The availability of cell phones has also fuled the increase in media exposure. Over the past five years, the proportion of 8-to-18-year-olds who own their own cell phone has grown from about four in ten (39 percent) to about two-thirds (66 percent). And they're using them for a lot more than just chatting. Young people ages 8 to 18 spend an average of a half-hour a day talking on their cell phones, and an average of 49 minutes a day listening to, playing or watching other media on their phones. In addition, 7th- to 12th-graders spend an hour and a half a day text messaging

However, the children who spend their time consuming so much media seem to have a harder time in school. Nearly half (47 percent) of the young people who were classified as heavy users - meaning they consume more than 16 hours of media in a typical day - say they usually get fair or poor grades (mostly C grades or lower), compared to 23 percent of moderate users, who consume anywhere from three to 16 hours of content. Heavy users are also more likely to get into trouble, and are often sad, unhappy, or bored, according to the study.

Efforts by parents to limit time staring at screens can help. Children who live in homes where media opportunities are limited spend less time consuming. For example, kids whose parents don't allow them to have a television in their room, don't leave the TV on during meals or in the background when no one is watching and impose some kind of media-related rules spend significantly less time consuming media than young people with more lenient parents.

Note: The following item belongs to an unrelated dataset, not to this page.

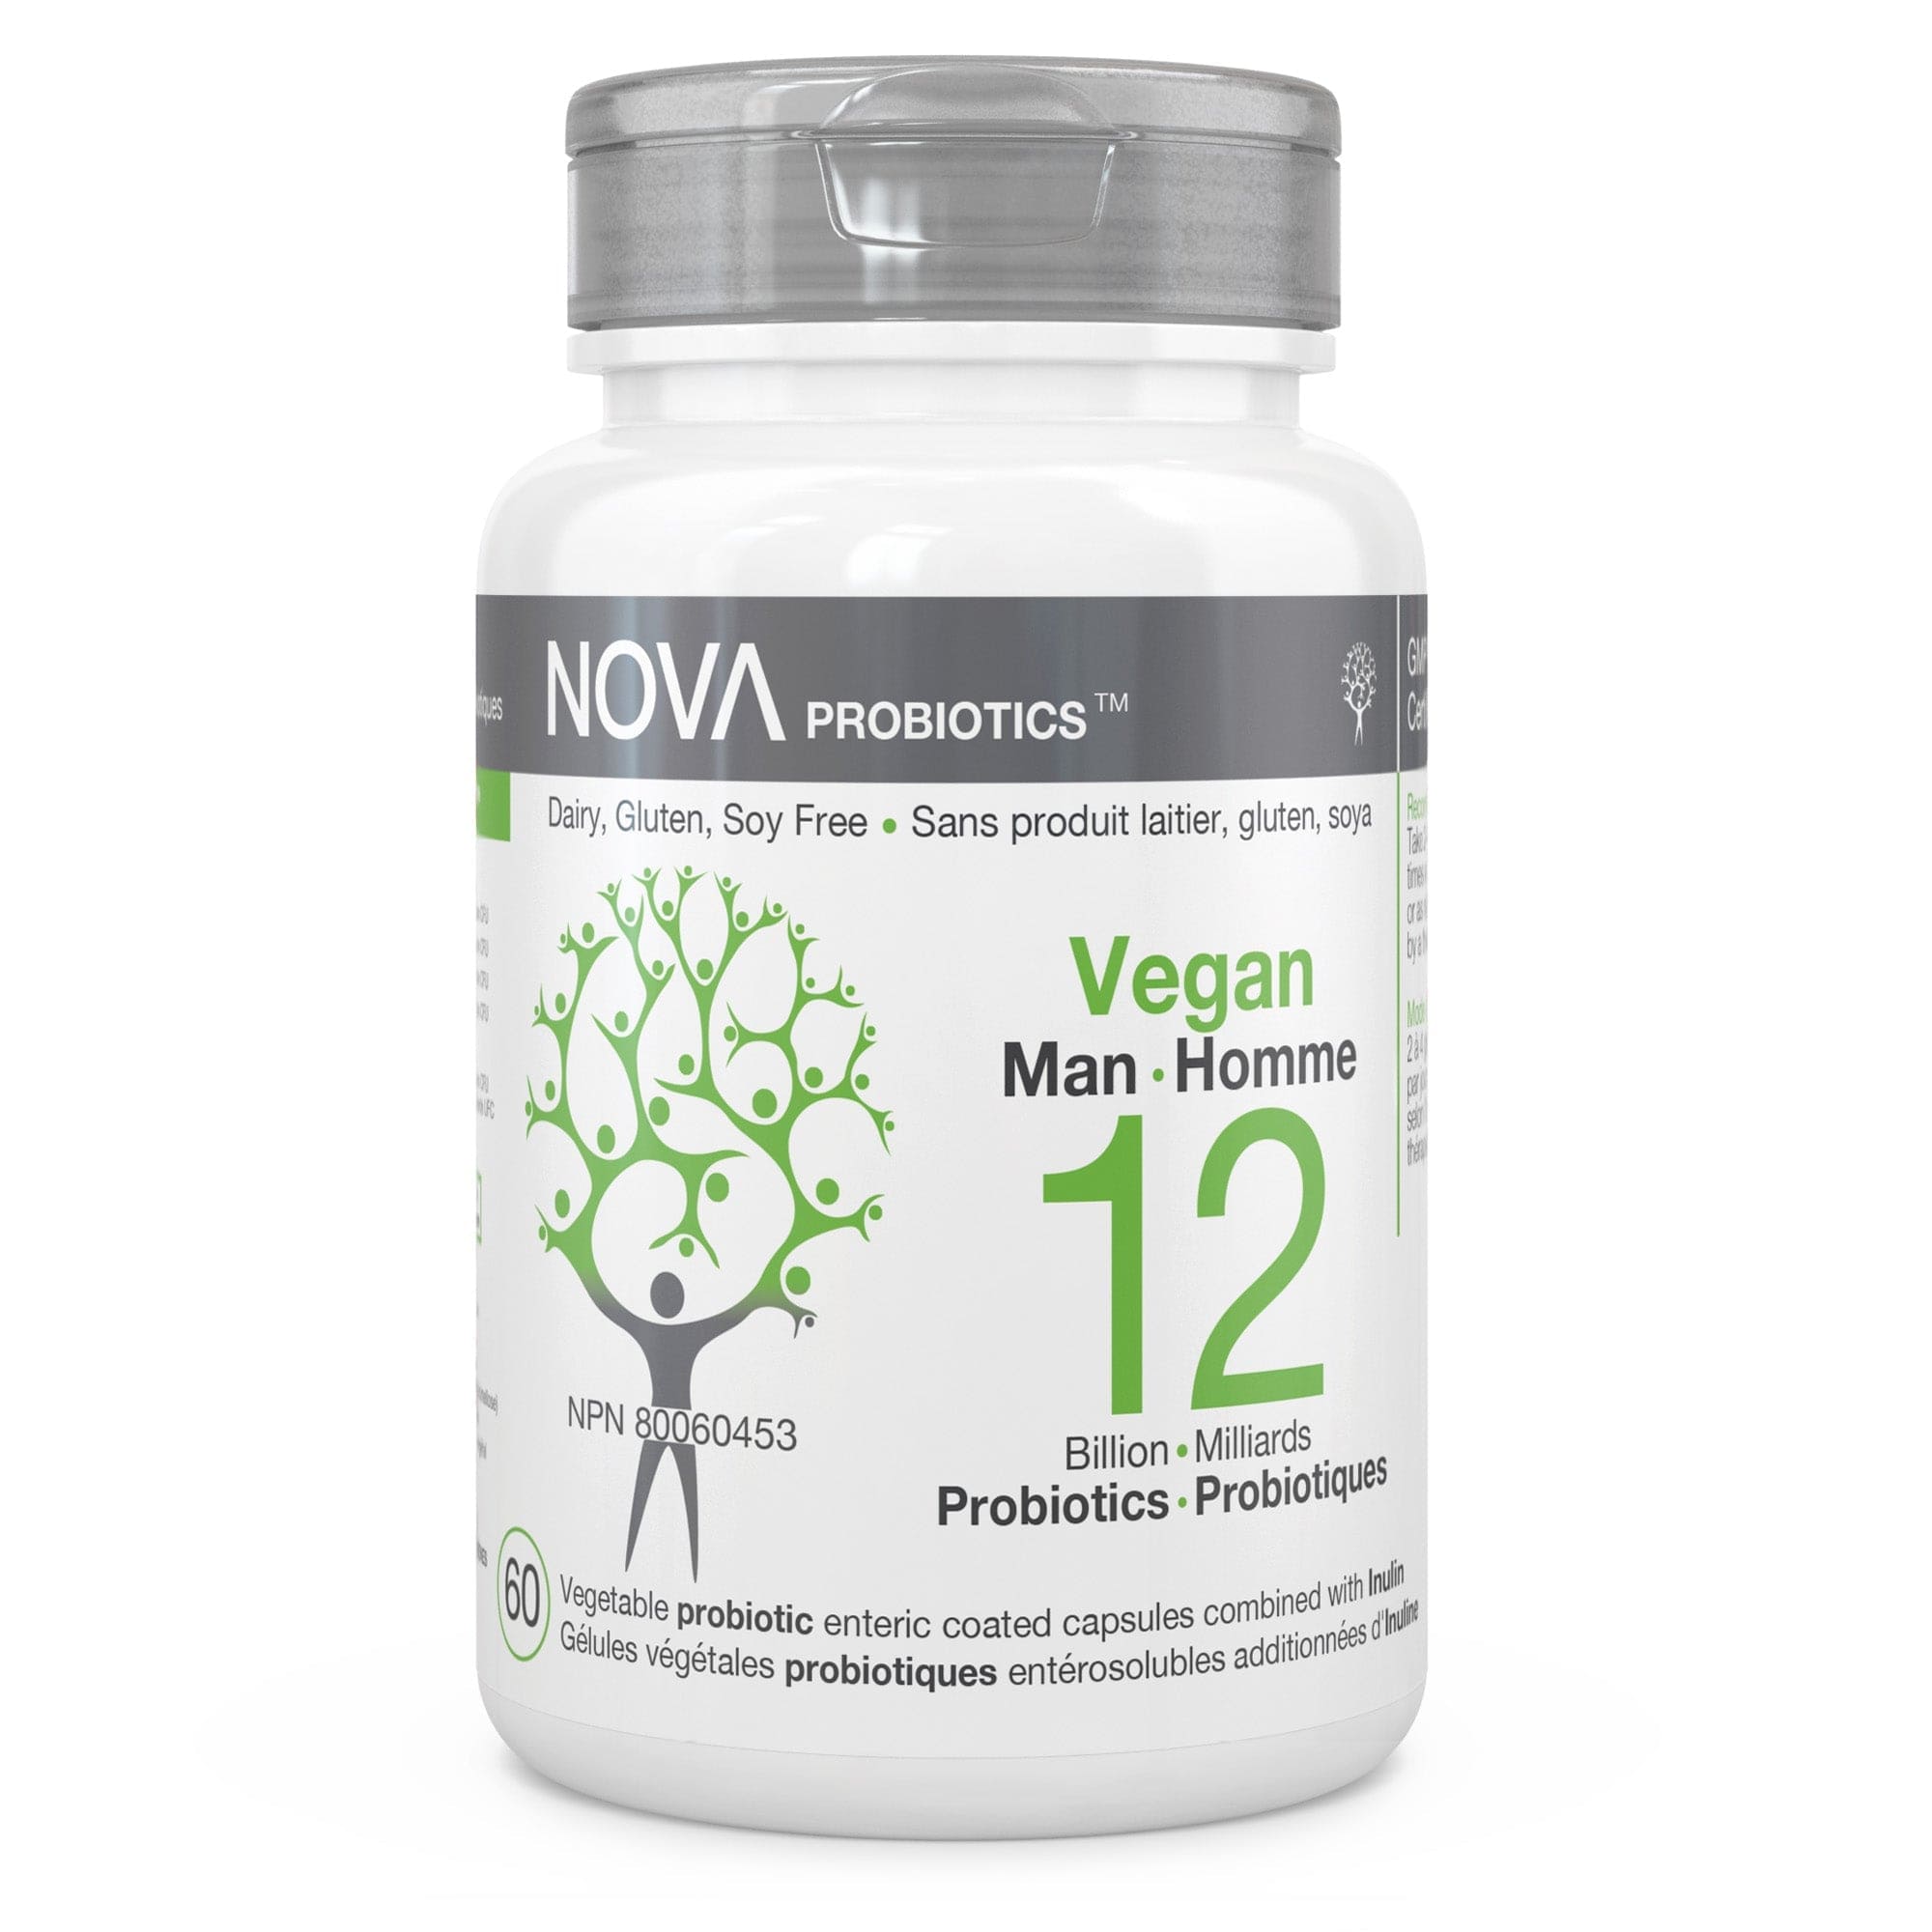 NOVA PROBIOTICS Suppléments Vegan homme (4 souches, 12 milliards) (NPN80029474) 60caps

Other findings from the study:
-Children ages 11-14 consume more media than the other age groups in the study. They consume, on average, just under nine hours of media use a day, or nearly 12 when multi-tasking is taken into account.

-Black and Hispanic youth average about 13 hours of media exposure daily, as opposed to less than nine hours for white children. They also, on average, spend about an hour more a day with music and a half-hour more with video games.

-Just 59 percent of young people's TV watching occurs on a TV set at the time the programming originally airs. Forty-one percent is either time-shifted or occurs on a platform other than a TV set.

-The 8- to 18-year-olds surveyed spend an average of an hour and a half daily using the computer outside of school work, an increase of almost half an hour over five years ago.